Given the impending climate disaster, the global commitment is shared to limit carbon emission which affects the world, and especially the vulnerable in countries around the world. Pakistan is one among 10 vulnerable countries in the world is significantly prone to climate change impacts.
Like Himalayan glaciers, the glaciers in the north which encompass Chitral are melting increasingly, and flash floods (GLOFs) have added to wide damages to houses, croplands, orchards, forests, water channels, water supply systems, roads, power stations and transmission lines, and river-course-diversions and outflows to land erosions in different places across Chitral.
Part of its global commitment to limit carbon emission, Pakistan—contributes less than 1pc of it, pledges to have clean energy by 60pc and 30pc electric vehicle by 2030, and planting 10bn trees to stave off the worst effects of climate change.
As has been for many years the initiative of many organizations and environmental activists, the royal couples of the UK visited last year also to draw attention to “spectacular” glaciers melting in the area have caused catastrophes to the people living in many valleys in Chitral, and creating awareness about climate change.
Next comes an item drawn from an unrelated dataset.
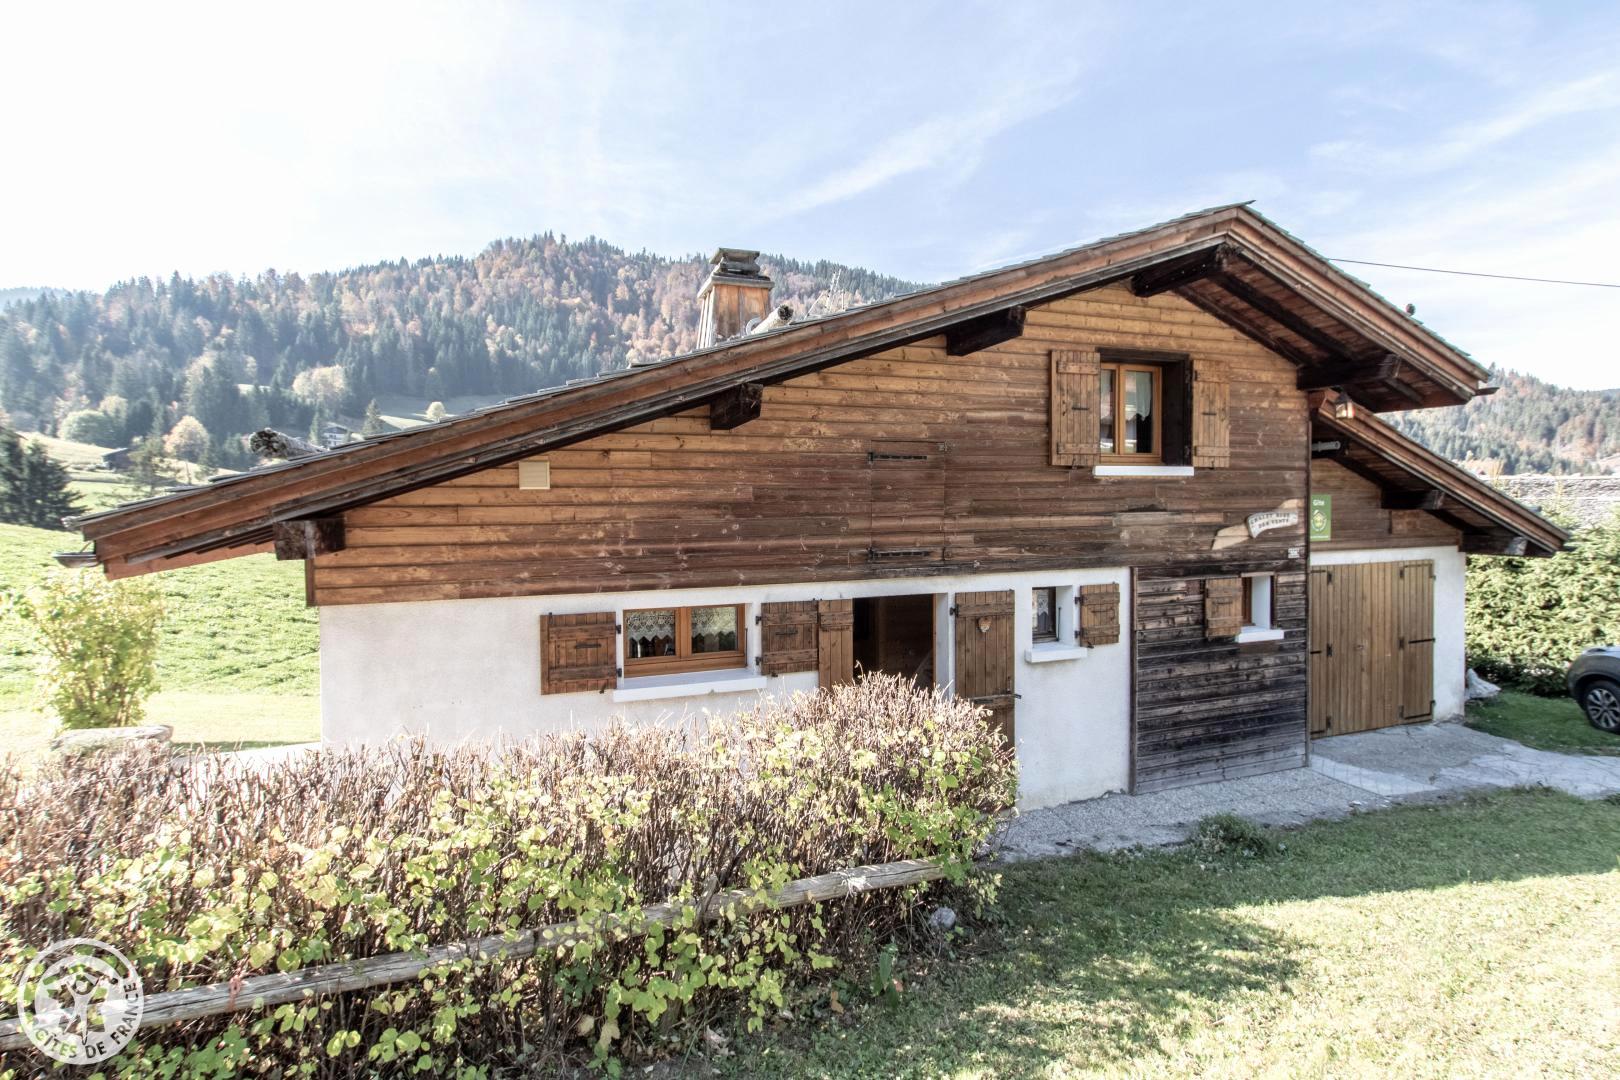 Chambre D Hote Haute Savoie Frais Location Vacances G Te G avec Chambre D Hote Cote De Granit Rose

This natural phenomenon could be mitigated by lessening those factors which accelerate concentration of carbon, and evolving environmental impact on our ecosystem.
Part of the commitment, Pakistan has made, is to switch from carbon-based energy to clean energy, and planting 10bn trees in the country is a huge task but indeed paying. By protecting the existing natural forest cover, the forestation drive should have started much before this season, but it is as it was before.
The ‘collectives’ are ideal places to be effectively used for forestation. And alternating wood as fuel with clean energy provision is indispensable but not possible without government. Water-stress is another phenomenon that may take a huge cost as the melting of glaciers continue unabated.
It must be an urgent matter of concern both national and local level in Chitral to push for the protection of natural vegetations, starting forestation in collectives, alternating wood as a fuel, and letting natural recycling of damages caused from human activities. This could be successful not without the support of the government to provide clean energy provisions, providing saplings for forestation, letting collectives got forested and natural recycling of our ecosystem.